Start with the uncomfortable number: about 69% of Akron Law graduates pass the bar on the first attempt, against a 75 to 80% national norm. Some of that gap may be jurisdiction; some of it may not be. Either way, the burden of proof has shifted, from you to the school, and your job is to make it meet that burden before you enroll.
MetricFigureContextFirst-time bar passage69%The headline under reviewNational first-time average~75 to 80%Annual benchmarkPrimary jurisdictionOhioVerify in the ABA 509
No, not by the national benchmark, and pretending otherwise serves no one. What remains is an explanation the school owes you: jurisdiction context, multi-year trend, and attrition policy, all verifiable in the 509 before a dollar of deposit moves.
Placed on the national curve, Akron Law’s 69% lands 8 points below the midpoint of the 75 to 80% band, a gap large enough that no single factor should be allowed to explain it without evidence.
Bar rates are built, not bestowed, from three materials: who enrolled (medians forecast passage with uncomfortable accuracy), what the program demanded (curves, writing, doctrine), and who remained to be counted (attrition quietly edits the denominator). A school controls each lever differently, which is why the honest comparison is never rate against rate, but rate against inputs, against jurisdiction, against the count of who actually sat.

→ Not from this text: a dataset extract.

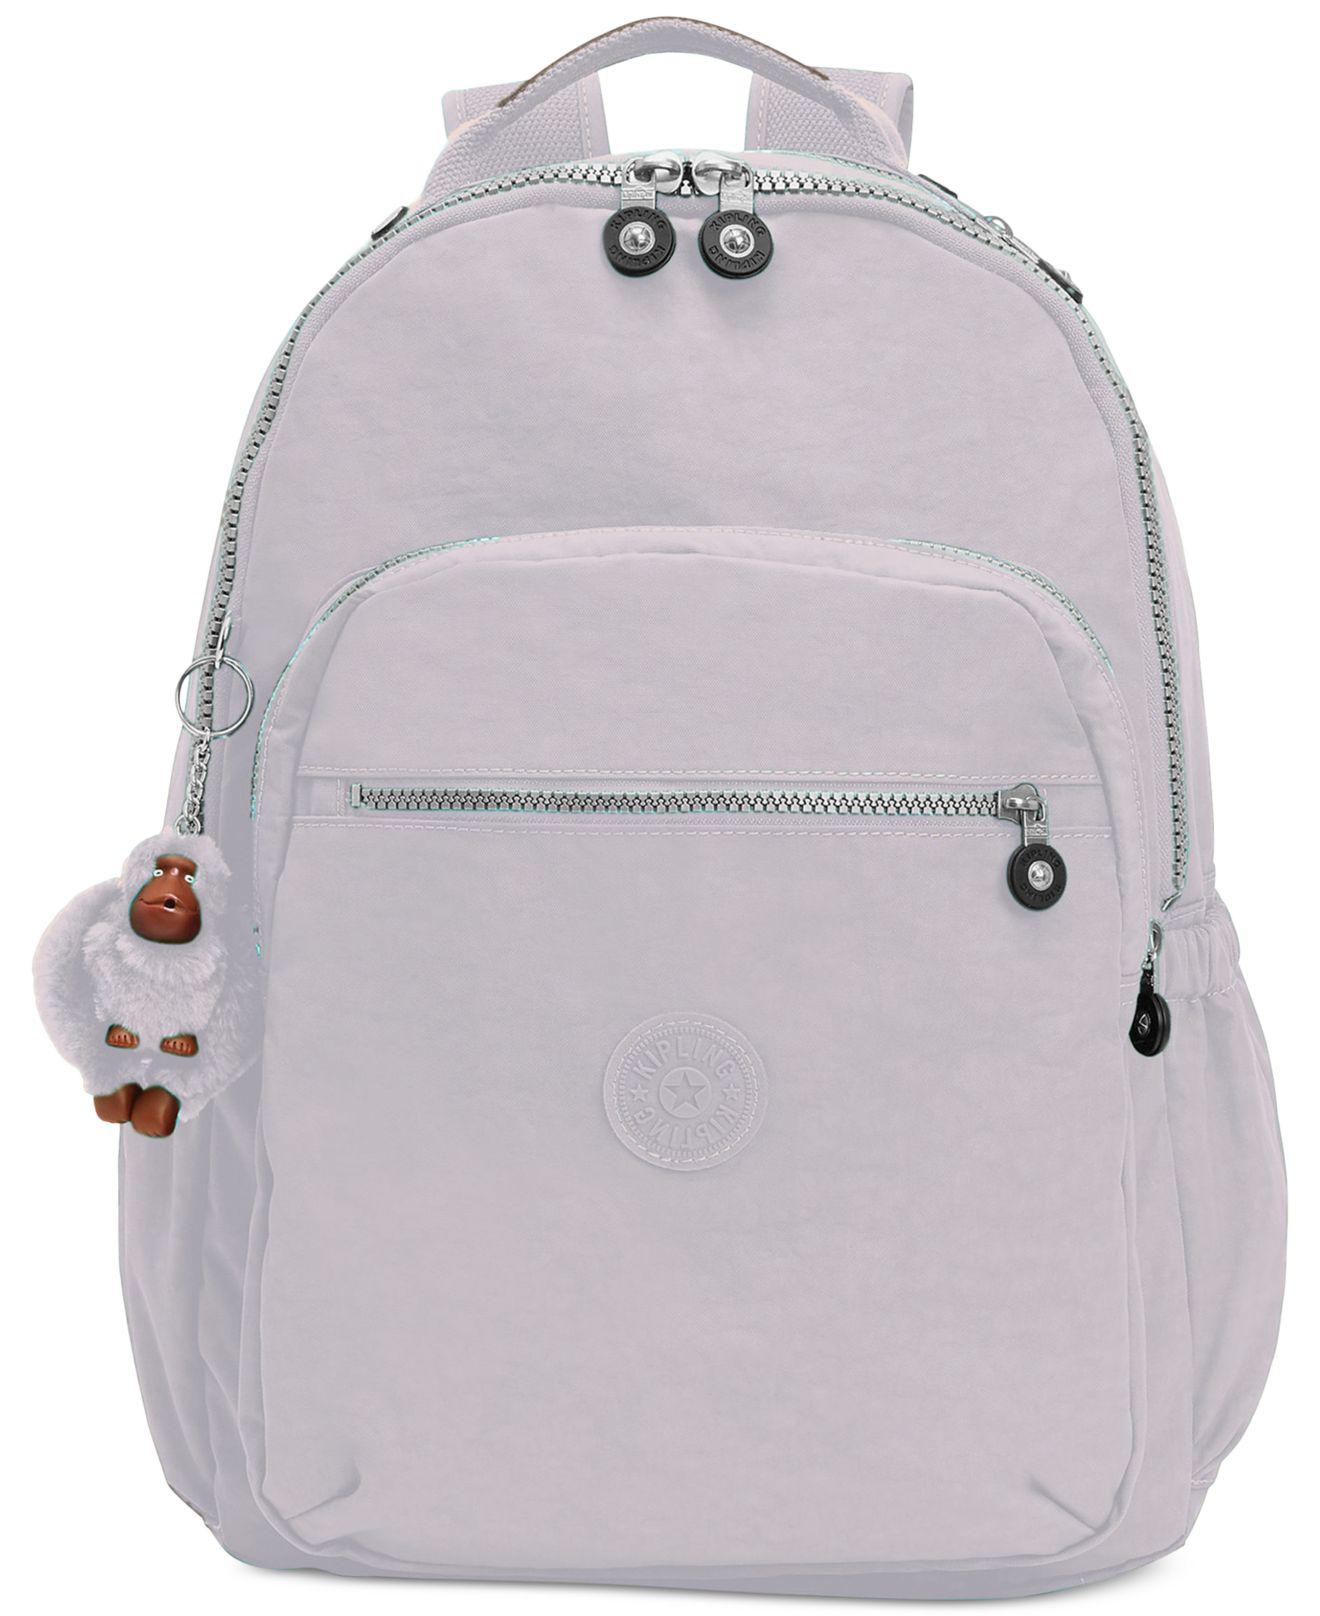 Kipling Synthetic Seoul Go Large Backpack in Slate Grey/Silver (Gray) - Lyst

Withheld Tip: trend beats snapshot. Pull three consecutive years of the school’s 509 bar data before believing any single figure, one strong year is a cohort, three is a program. Rates that swing widely year to year are telling you about the denominator, not the teaching.
Akron Law’s bar prep apparatus will resemble the industry standard, commercial course partnerships, a readiness program, advising, and the differences that matter live in the details: what is subsidized, what is required, and when it begins. Make admissions name all three.
Keep one eye forward: the licensing exam itself is in transition, with states adopting the NextGen bar exam on a rolling basis through 2028. The emphasis shifts toward applied lawyering skills, which rewards exactly the habit the LSAT should have taught you: training the underlying skill under feedback rather than memorizing around it. Ask any school how its bar curriculum is adapting; the question itself signals you understand what you are buying.
One non-negotiable for evaluating any school: never accept a bar passage rate without its jurisdiction. A naked percentage is a marketing number; a percentage with a state attached is data.
About 69% first-time, below the national 75 to 80% average, a figure that means the most once you know which state’s exam it describes and how that state’s baseline runs. The 509 disclosure carries both.
Because they compress three things into one number: the credentials of admitted students, the rigor of the program, and which state bars graduates sit for. Comparing rates without comparing states and inputs is comparing headlines, not outcomes.
It means inputs, instruction, and attrition jointly produced a number. Untangle them, median in, dismissal rate, jurisdiction, before crediting the classroom. When all three check out, so does the rate.
The bar exam is the final feedback loop of a process that started with your diagnostic LSAT. Schools with honest numbers survive the questions on this page; schools with marketing numbers don’t. Reading outcomes data skeptically isn’t cynicism, it’s the first legal skill.